Terri turns and slowly climbs the stairs, footsteps soft so that her father will not hear. Her eyes fill with tears . . .
* * *
Tonight, twenty-five years later, Terri opened her eyes and saw the Pagets' gleaming kitchen. She had escaped, and now she owed Rennell Price, whose trauma she understood in a way that Chris and Carlo could not, all that she had to give.
She had escaped her own childhood, and yet she had not escaped. The past had reached out for her, and taken Elena.
* * *
Exhausted from her sleepless night, Terri finished telling Rennell of Payton's confession. "He says the second man was Eddie," she concluded. "And that no one knows but them."
Rennell said nothing. Terri studied his face for evidence of Payton's betrayal—at once fearful of the pain she had inflicted and hoping for some sign of his innocence.
At last he swallowed, a twitch of the throat muscles. "For sure they're gonna kill him now."
"What do you mean, Rennell?"
Rennell blinked, his voice thick with grief. "Payton's trying to take care of me, and now they're gonna kill him for it."
Perhaps the depth of Payton's wrong was too enormous for him to grasp. "He's not dying for you," she answered. "He's dying because he's guilty of Thuy Sen's murder. He doesn't want you to die for what he did."
Rennell's hand covered hers. "Save him," he whispered. "Please."
Briefly, Terri closed her eyes. But are you innocent? she wanted to ask. When she opened her eyes again, tears were running down his face. "I can't," she told him. "There's only you to save now."
NINETEEN
TERRI SAT WITH YANCEY JAMES ON A PARK BENCH ACROSS FROM City Hall, its golden dome glistening in the sunlight of a crisp fall afternoon. In the carefully tended park in front of them, homeless men and women, some with shopping carts, patrolled the walkways which crisscrossed the grass. James observed them with what, to Terri, seemed empathy and self-recognition.
"So easy to fall," he murmured, "so hard to get back up. Folks don't often appreciate how little separates them from us."

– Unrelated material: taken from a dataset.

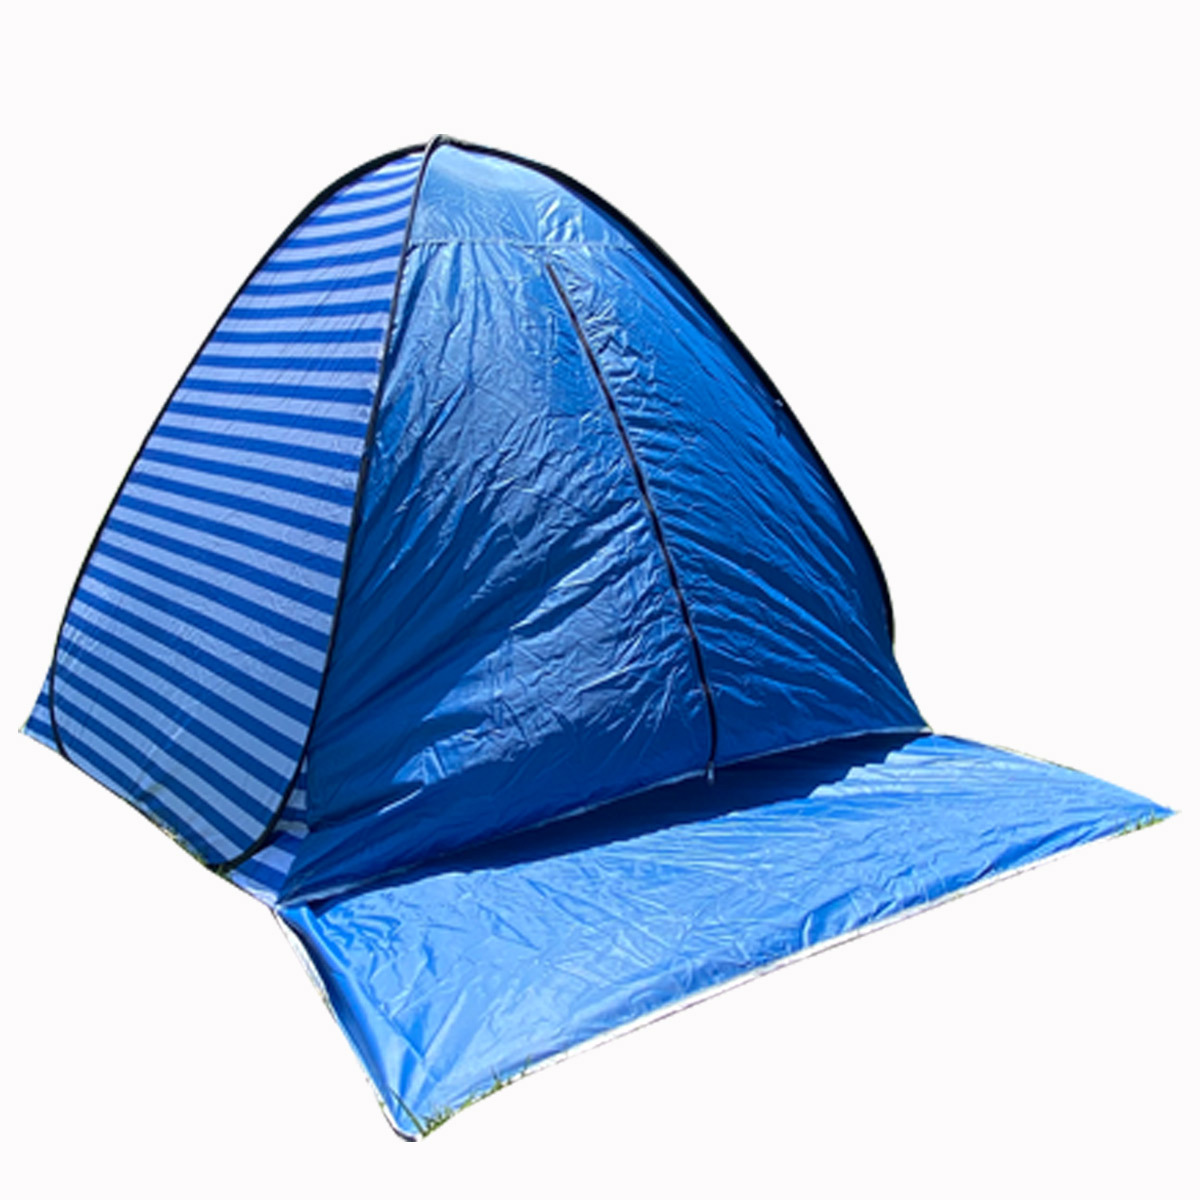 ポップアップテント ビーチテント ワンタッチ テント 2人用 3人用 サンシェード 5秒設置 かわいい おしゃれ 超軽量 防水 通気性抜群 アウトドア  キャンプ用品
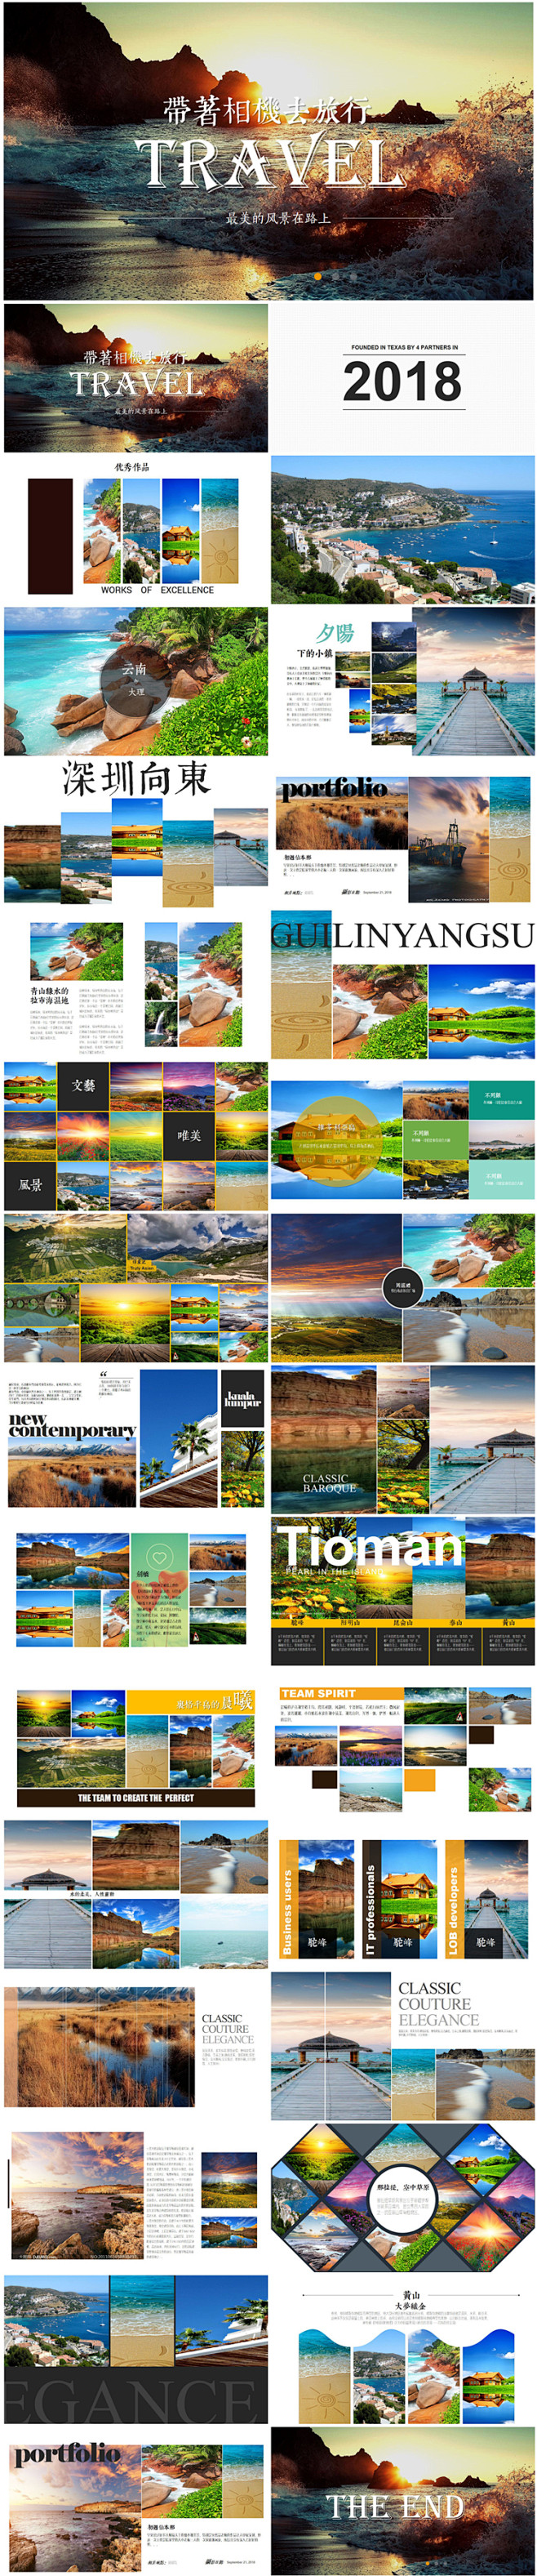  旅游度假摄影师画册旅行图片展示电子相册...

To Terri, James's manner and appearance had come as a surprise. The man Eula Price and Lou Mauriani had described to her was fleshy and bombastic, with a voice which wafted multisyllabic phrases with the resonance of a church organ. But this Yancey James was quiet and reflective, with the hollowed-out look of a man who had lost weight too quickly, perhaps because of illness. His neck was a loose crepe of skin, his face smoother but close to gaunt. The life in his eyes had vanished.
Terri herself was wary—fearful that James might know some fact that exploded Payton's confession, or pointed to Rennell's guilt; concerned that her need to establish James's incompetence might keep him from talking. "About the Price case," she began, "I wasn't there. I just need to know what you know, for better or worse. And how the case looked to you."
This elicited the wisp of a smile, which briefly touched his eyes. "You don't have to be so kindly, Ms. Paget. The A.G.'s folks already been sniffin' around, sayin' how you gonna be bad-mouthing me in court—them hopin' I'd tell them how great I'd done for Rennell Price." His voice was weary. "Everybody's tiptoein' up to me like I'm mentally ill, like if they say somethin' mean—or even truthful—I might go postal. Or maybe just break down weepin'."
Terri smiled. "Then I'll skip the niceties. If you want to tell me how you screwed up this case, it's okay by me. You're Rennell's last chance of living."
James gave a rueful shake of the head. "Odds are it's the only chance I'll ever give him. Just wish I could remember more—fifteen years was a long time ago, even without a wicked cross-addiction to Jack Daniel's and cocaine." He turned to the park again, gaze distant, speaking softly. "Know what it's like to be sober, and disbarred? It's like wakin' up in your car in your own garage, but the windshield's busted so bad you can't see out and the hood's all bent out of shape. And all you can do is sit there and wonder how it happened and why you're still alive, 'cause you can't remember drivin' home."
"What do you remember?"
James's eyes narrowed. "The grandmother," he said at length, "when I told her the boys were in trouble, and I needed more money to investigate. The fear in her eyes gave me a moment of remorse. Maybe even two."